Research output: Book/ReportBook


This book shows how the appreciation of the art of the past and the creation of new art reinforced one another in Victorian England. From the Pre-Raphaelites, with their enthusiasm for the Early Renaissance, through to the British Impressionists who revered Velázquez, artists were inspired to new creation by studying the art of the past, newly available in the rapidly expanding museums of the day.
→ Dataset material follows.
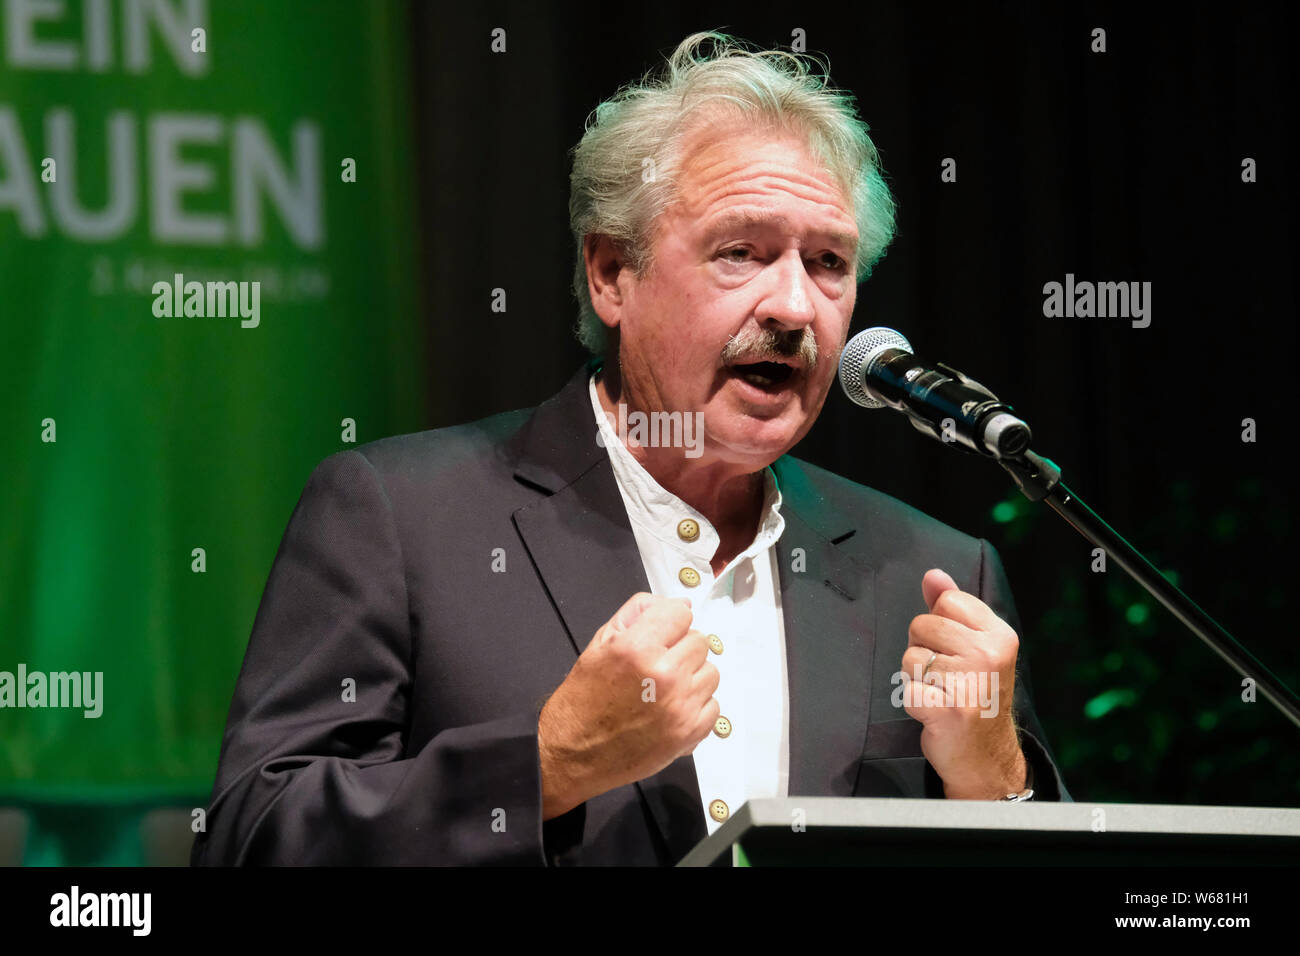 Dortmund / Germany, 22 June 2019. JEAN ASSELBORN, Luxembourg Foreign Minister, since 2014 also Minister for Immigration and Asylum. Speech at the Protestant Church Congress 2019 in Dortmund Stock Photo

This book argues that – paradoxically – artists were at their most original when they imitated the Old Masters most faithfully.

On his famous lecture tour of 1882 Oscar Wilde told American audiences about a new artistic movement which had begun with the Pre-Raphaelite Brotherhood: ‘I call it our English Renaissance’, he explained, ‘because it is indeed a new birth of the spirit of man, like the great Italian Renaissance of the fifteenth century’. Victorian artists have often been castigated for their dependence on prototypes and precedents from the Old Masters. This book takes its cue instead from Wilde, who saw no inconsistency between the idea of ‘new birth’ and the inspiration of the past. With the formation of the National Gallery in 1824, and the subsequent proliferation of exhibitions, reproductions, and scholarship on the Old Masters, the art of the past became visible and accessible as never before. Yet the history of art did not come ready-made to the Victorians. Such artists as Van Eyck, Bellini, Botticelli, Piero della Francesca, and Velázquez came to the National Gallery with the force of novelty. They were interpreted by the great Victorian critics, curators, and scholars – and importantly, as the book argues, by such artists as Rossetti, Burne-Jones, Leighton, Millais, Rossetti, Waterhouse, and Whistler. These modern painters took their cue from the newly rediscovered Old Masters to produce some of the great masterpieces of the later nineteenth century.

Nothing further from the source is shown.